Awwww poor little guy! I'm so glad you're giving him a nice new home.


----------



## pinkcupid765 (Aug 14, 2011)

Aw... Take good care of him >.<


----------



## TwilightNite (Mar 3, 2011)

He s cute! I am so glad you rescued him, one down, a whole lot to go!


----------



## newf (May 10, 2009)

He looks very pretty.


----------



## Bettas Rule (Aug 18, 2011)

That's so cool! I have two wal mart rescues . Someone put them in the cup together and left them in there. When I found them one of them had fin damage so bad he had less that a female :-(. Luckily he made it and now they are both on their way to recovery. BTW I just love that name! :-D


----------



## Findlay (Jul 22, 2011)

Aw!! He looks like my CT, Findlay!
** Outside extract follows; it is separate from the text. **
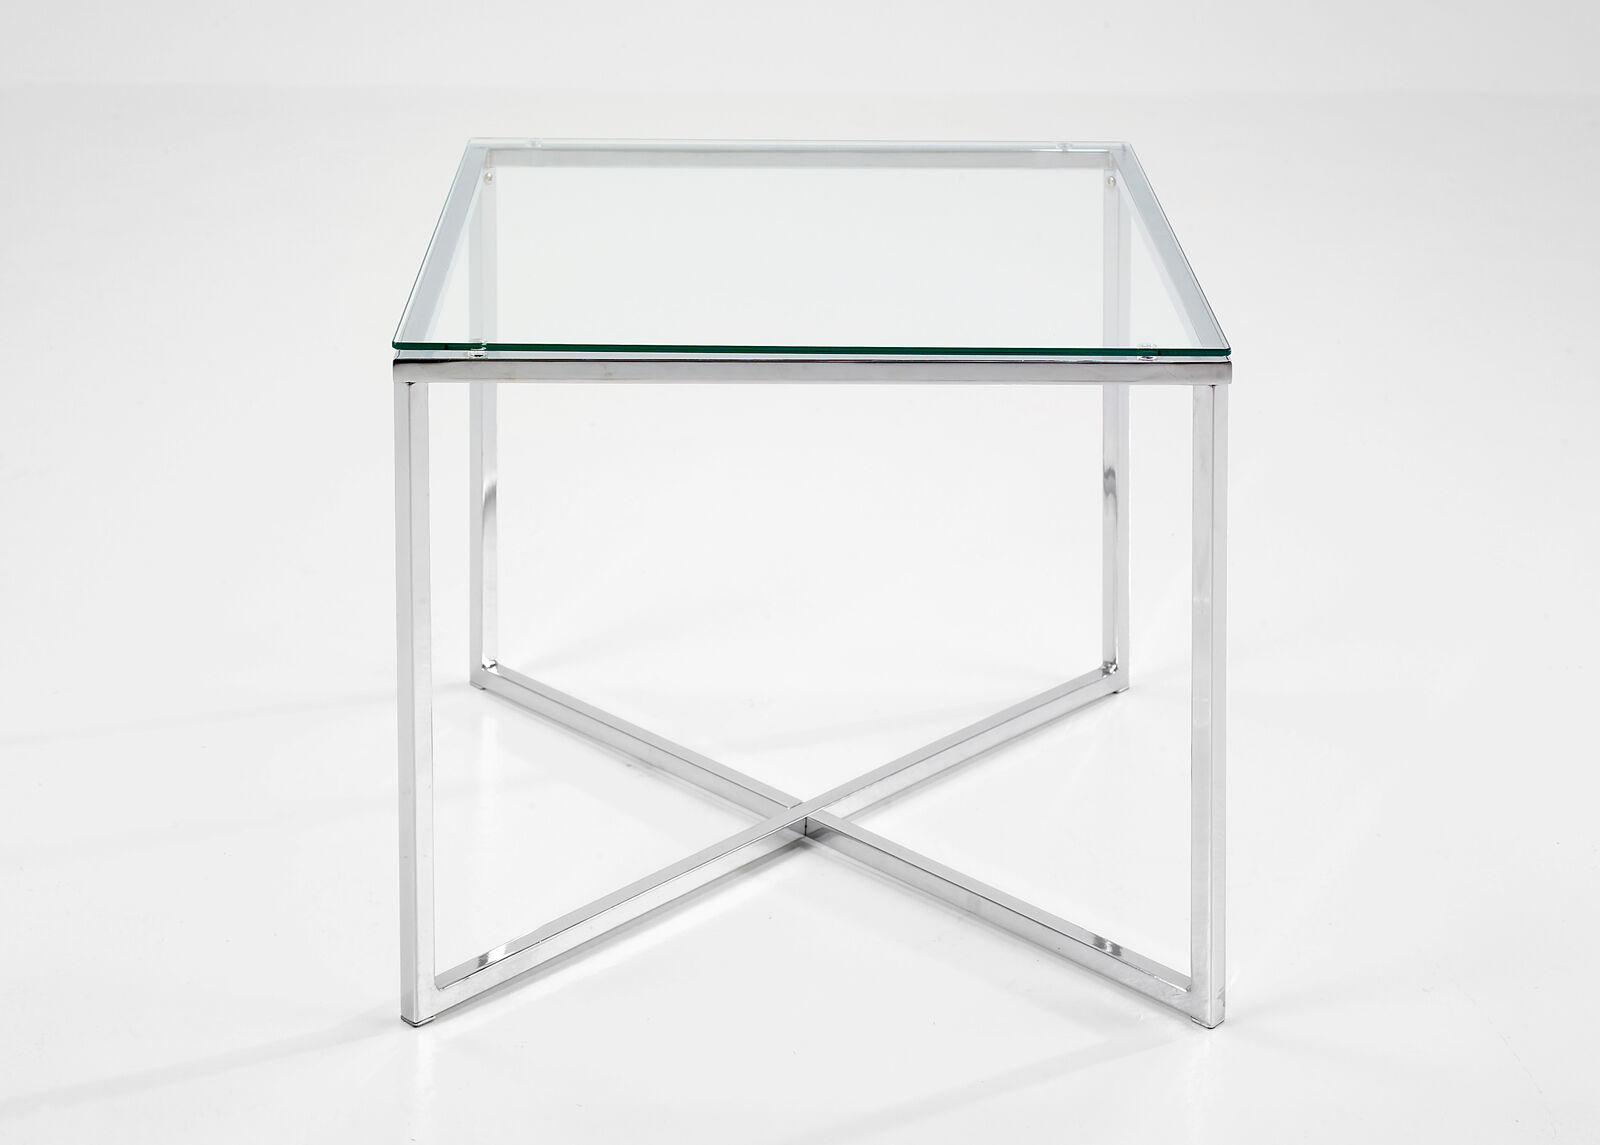 Actona Sohvapöytä CROSS 50x50 cm

Yay!

I wonder if our boys are brothers? Weeeiiird


----------



## Tikibirds (May 26, 2011)

so cute..


----------



## Salamandair (Aug 15, 2011)

I think he'll be even more beautiful once his fin rot is cured. Very good rescue! I love his color.


----------



## PitGurl (Feb 22, 2011)

Thanks everyone! He's doing much better this morning. I've got him in a QT tank with some AQ salt and oak leaf tannins. He's colored up and has built a nice bubble nest over night .


----------



## Bettas Rule (Aug 18, 2011)

Any new pics yet? How is he ?


----------



## PitGurl (Feb 22, 2011)

*Update*

What a little TLC will do....


----------



## Bettas Rule (Aug 18, 2011)

WOW His color really came through!! He is gorgeous!!


----------



## Leeniex (Aug 14, 2011)

He looks so much happier in such a short time!


----------



## bettaloverforever16 (Jan 14, 2011)

He's so prettty!!!


----------



## Silverfang (Mar 25, 2011)

that makes it all worth while! I'm glad for you and him


----------



## betta lover1507 (Aug 6, 2011)

he is so cute X3 glad you found the little guy he will be cured in no time he is already healing up X]]


----------



## mookeeful (Jul 24, 2011)

YAY! Good job on the save!!!! I can't believe how quickly he just settled in -- that's awesome!


----------



## SassyBetta (Aug 1, 2011)

hmm my guy hasnt made a bubble nest yet, does this mean hes unhappy  ?


----------